Share your dilemmas and get honest opinions from other Mumsnetters.

to contemplate not letting my friend look after my DD as she is ALWAYS ill afterwards

31 replies

LeilaA · 23/01/2010 20:18

A good friend of mine who lives locally has a DS the same age as my DD (3). She often offers to look after my DD for the day, so I can work. But, every single time, she comes home and is ill the next day, cold/gastro/runny nose. She just doesn't look after them like I would. She lets them play outside in just a tracksuit (despite me sending her in layers of clothes/coats/scarves etc). She doesn't wash their hands before eating. Her DS is always ill, and always snotty, and she encourages kissing and cuddles all the time. I don't want to ruin our friendship, and I feel by bringing anything up, I would be criticising her, but what would you do.....?

OP posts:
misdee · 23/01/2010 20:19

what a good immune system your dd muct be building

Adair · 23/01/2010 20:20

Er... build up my daughter's immune system somewhat?
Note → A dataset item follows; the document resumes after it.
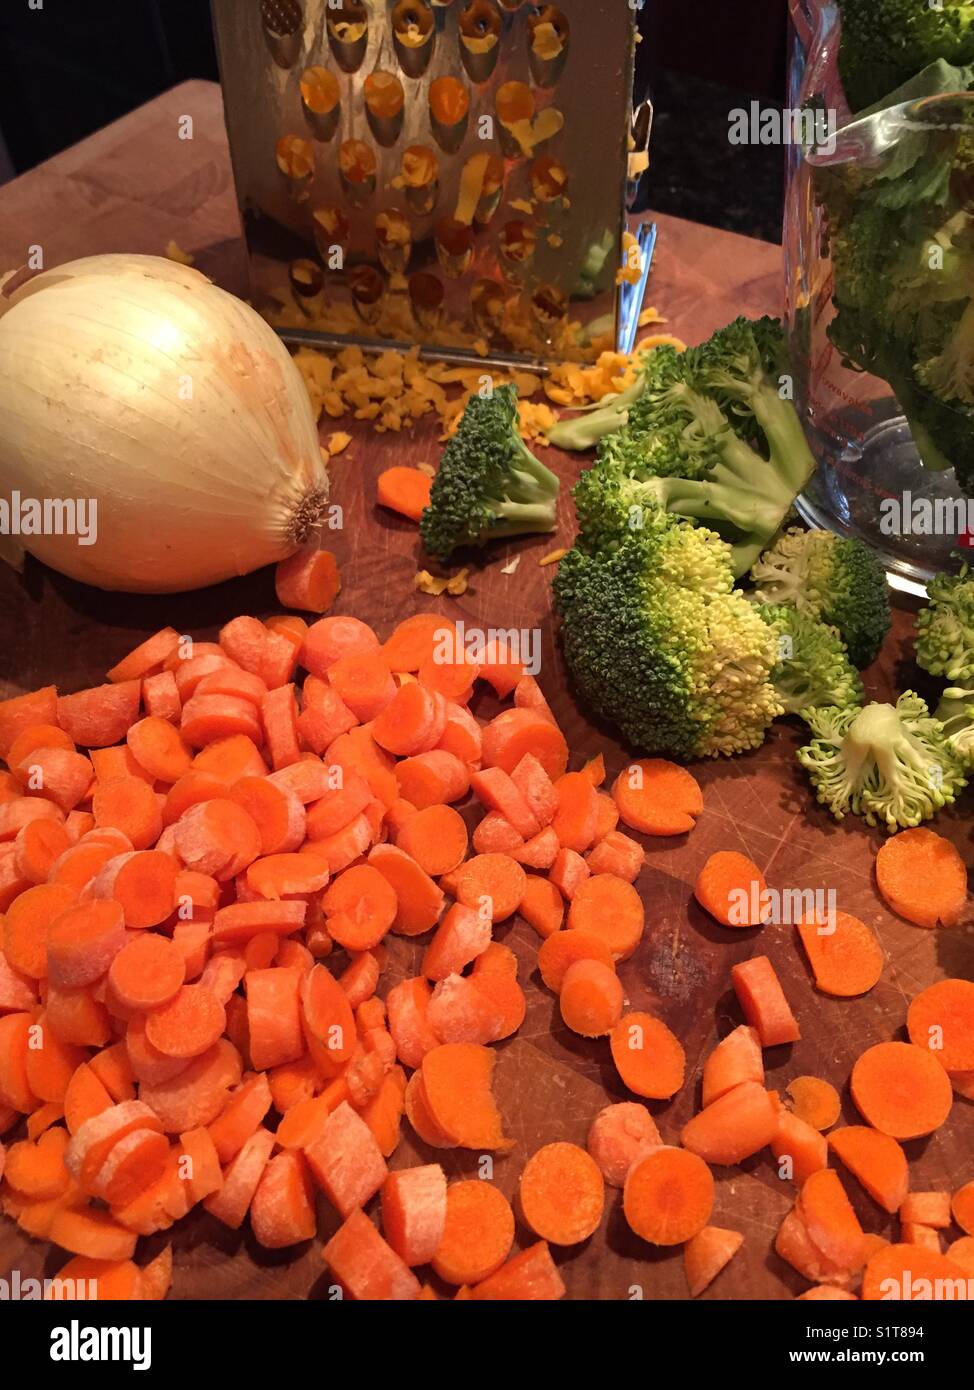 Ortaggi freschi compresi green broccoli, carote arancione e giallo cipolla con formaggio Cheddar grattugiato sono seduti sul tagliere di legno pronti per essere cucinati. Foto Stock
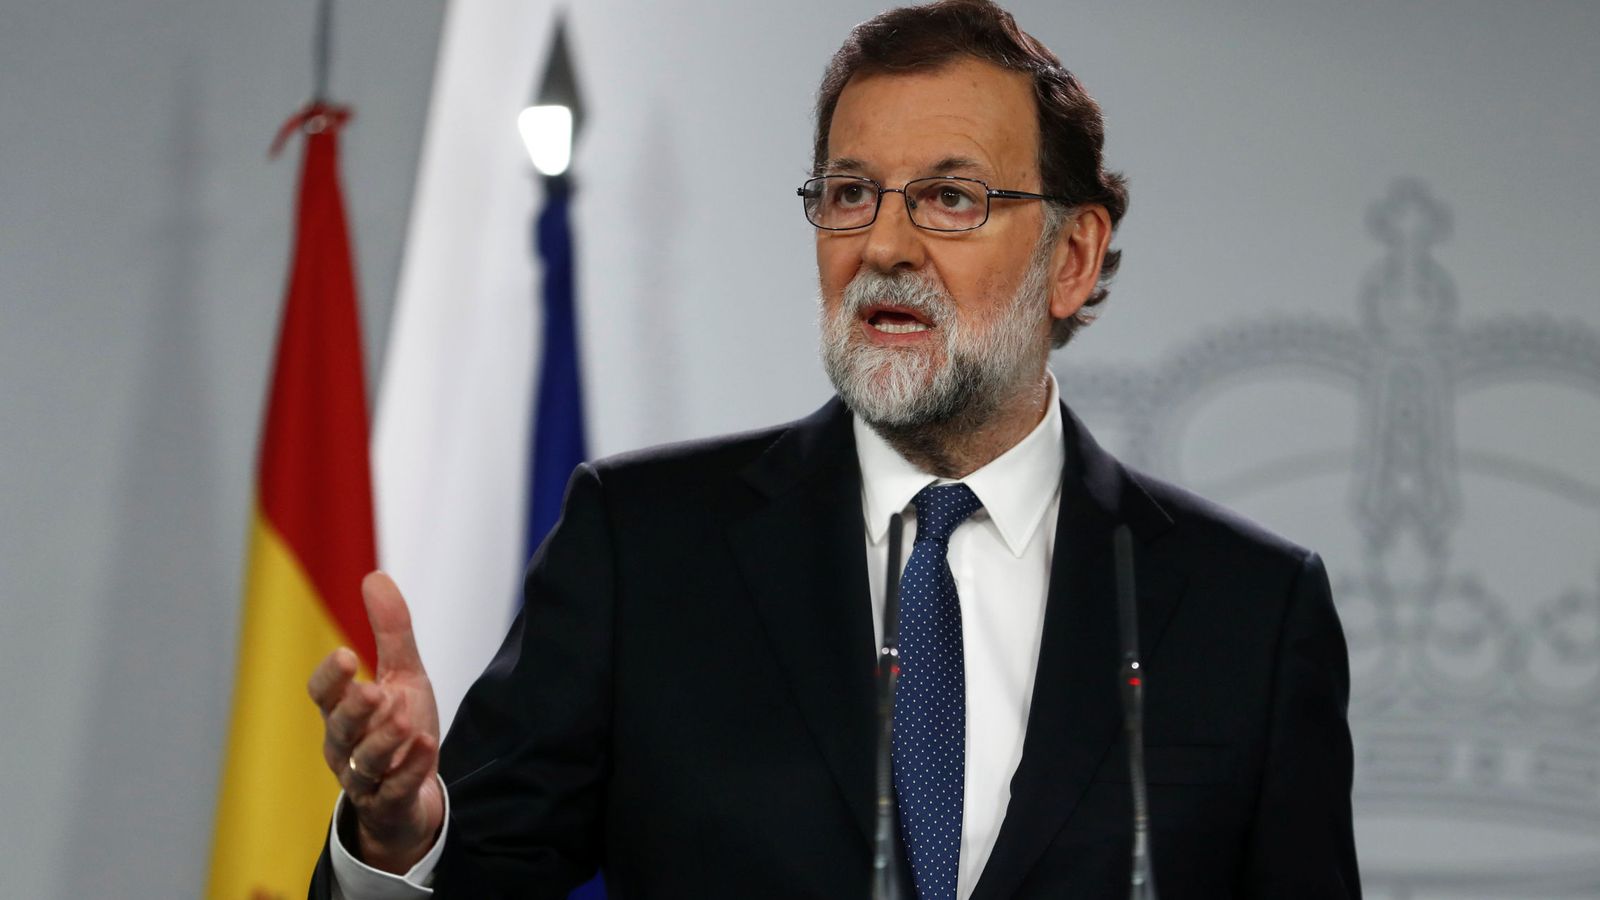 Foto: El presidente del Gobierno, Mariano Rajoy, durante su comparecencia. (Reuters)

Kissing and cuddles . What a bitch.

Ingles2 · 23/01/2010 20:22

if you don't like the childcare your friend provides..why don't you pay for some?

CirrhosisByTheSea · 23/01/2010 20:22

don't criticise her - just don't send your dd any more if you don't want to. There's nothing to criticise imo, she has a different approach than you do, that's all.

heQet · 23/01/2010 20:23

If you're not happy with it, then don't let her look after her.

I can't see that kisses and cuddles are wrong, I think it's nice to be affectionate, but each to their own.

The only thing I would be concerned about is the "gastro" - if she has a dodgy tummy after every visit then I'd be questioning the food hygiene.

choosyfloosy · 23/01/2010 20:23

The washing hands before eating thing would bother me, and your daughter is too young to maintain that standard herself IMO. But that will change. When she offers, I would instead suggest all meeting up together so that you can keep an eye on the handwashing bit, and keep her friendship.

jalopy · 23/01/2010 20:25

LeilaA, you'll laugh at this thread in a few years.

EccentricaGallumbits · 23/01/2010 20:27

what a load of bollocks.

Kissing and not wearing a coat is making your child ill?

I suggest buying one ofthose zorbing balls and sealing your child inside to protect it from the ills of the world.

BettySuarez · 23/01/2010 20:28

Being cold, doesn't cause you to catch a cold, infact quite the opposite.

Unless the family had been mucking out farm animals immediately prior to eating, then washing hands isn't strictly necessary.

I presume that you don't ever handle coins/keys/door handles/shopping trolleys etc as these are laden with bacteria?

It sounds as if your DD has quite a poor immune system if she gets ill simply from playing in another childs house.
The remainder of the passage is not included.